Reponses to Kevin Myers Incitement to hatred or provocation to debate?

What a week. What a fortnight. For one-parent families. For the Old Lady of d'Olier Street. For the media in general.

Edward Walsh started it all with his comments on 27 January about "state-incentivised" lone parenthood.

In spite of debates with the One Parent Exchange Network (OPEN), on local and national radio and ample coverage of the real picture of lone parent poverty in the print media, Walsh continued his crusade on the Pat Kenny Show and on local radio around the country. He focussed his attention on unmarried lone parents, young ones getting income, housing and other supports from the taxpayer to the tune of €23,000 per annum. OPEN responded with the facts: births to teenagers have remained at around the 3,000 per year mark for 30 years; 2.3 per cent of lone parents in receipt of social welfare are aged under 20 years; most lone mothers have been married; one-parent families are three and half times more likely to live in poverty than anyone else in Ireland and so on. Walsh was not for moving.

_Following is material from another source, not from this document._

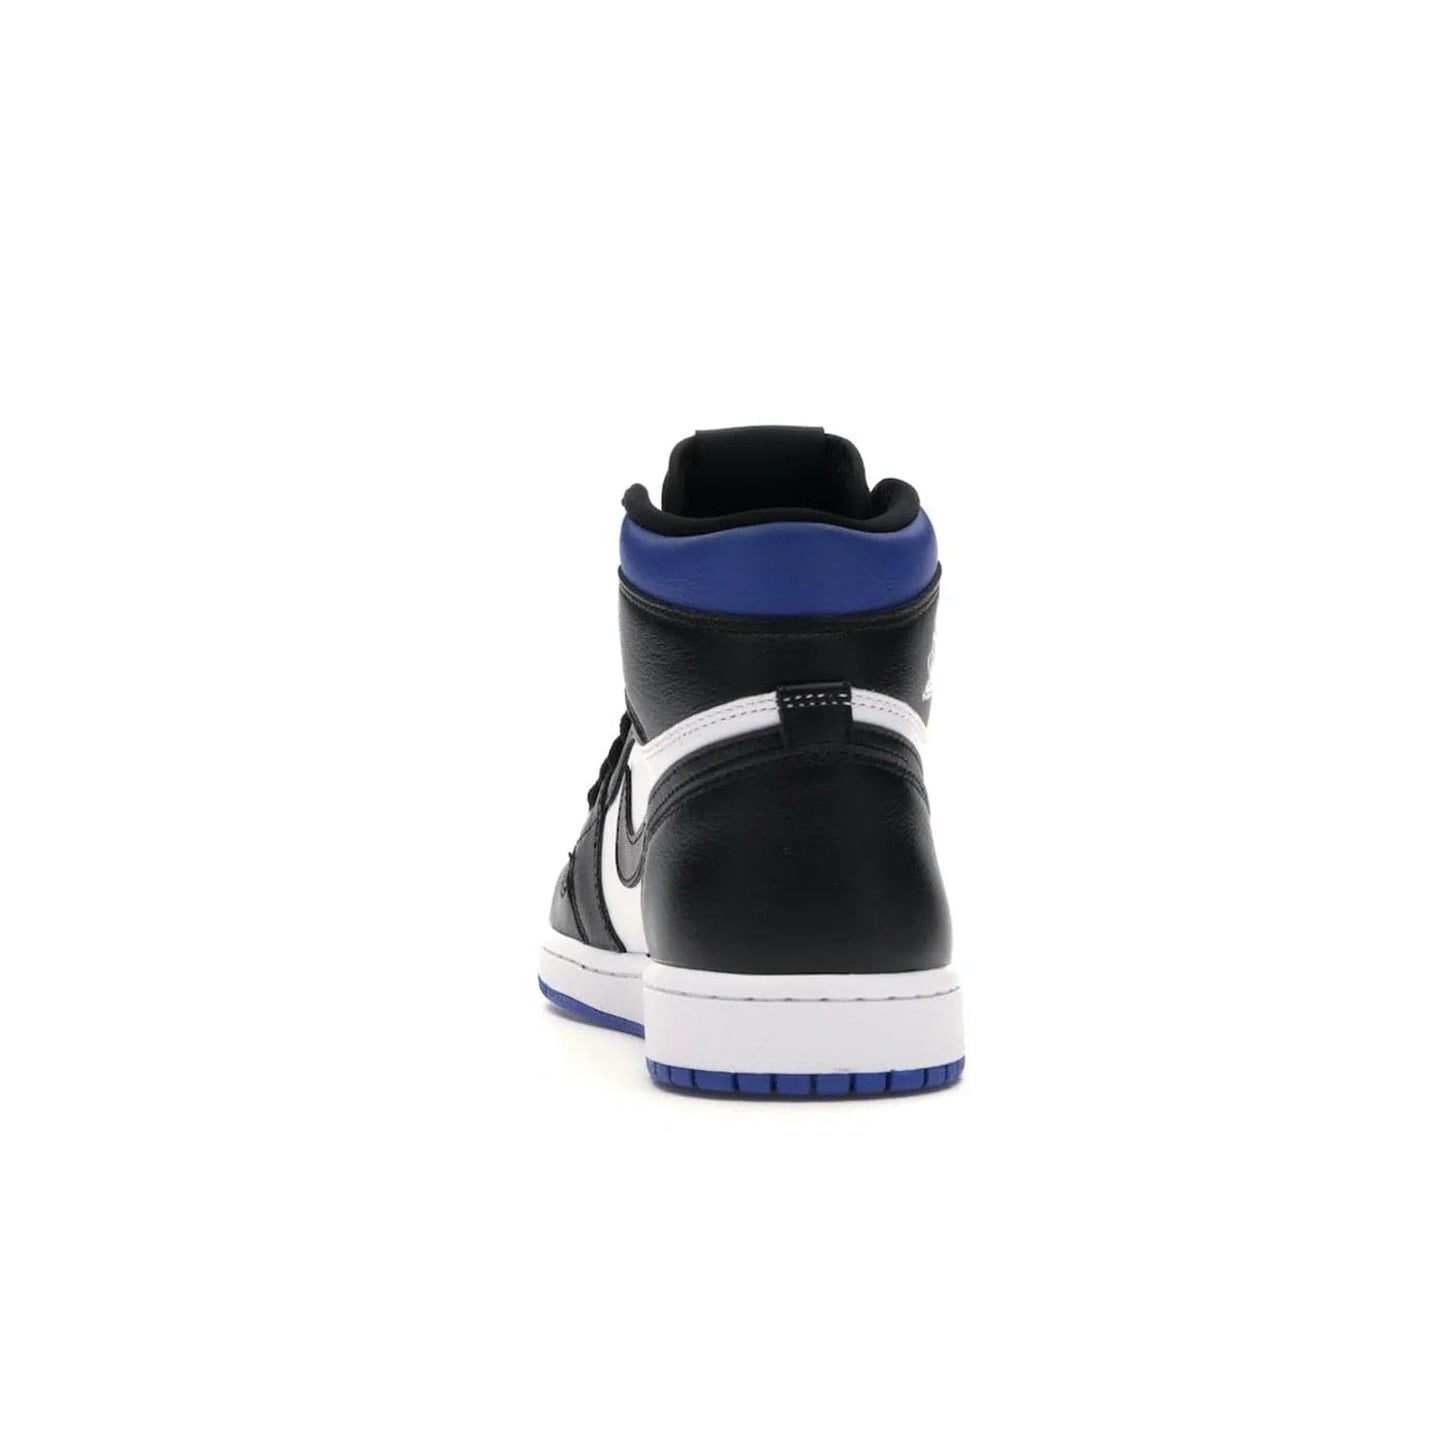 Jordan 1 Retro High Royal Toe - Image 27 - Only at www.BallersClubKickz.com - Refresh your look with the Jordan 1 Retro High Royal Toe. This classic AJ 1 sports a white and royal leather upper, black leather overlays, and branded leather tongue tag. Pick up today and set the streets ablaze.

The Sunday Independent supported Walsh on 6 February with a piece in which, among other things, referred to OPEN and Terry Prone (above) as Village-reading liberals. O'Hanlon also had a swipe at Mary Lou McDonald who had issued a press release critical of Walsh's comments mid-week.

Then of course Tuesday of this week arrived and Kevin Myers decided to support Ed Walsh (who, to be fair immediately distanced himself from Myers.)

Myers repeated the figures used by Ed Walsh but then went a lot further in characterising lone mothers as young, lazy and welfare-addicted.

At a women's event in Donegal, ironically a meeting on the social welfare system, the article was passed around the room and little groups gathered, debating whether this was in fact at last the time to react strongly to Myers. His previous provocations on violence against women and on decriminalising prostitution have raised many heckles in the women's movement and beyond, but there has almost always been a "don't respond" strategy: why give oxygen to his views, has been the rationale. On this occasion, the court of public opinion, the media, the women's movement and the broader community and voluntary sector recoiled in horror, and responded with a disparate but somehow unified response. The Catholic Archbishop of Dublin, Diarmuid Martin, described these words as "hate words", an expression echoed on the airwaves throughout the day.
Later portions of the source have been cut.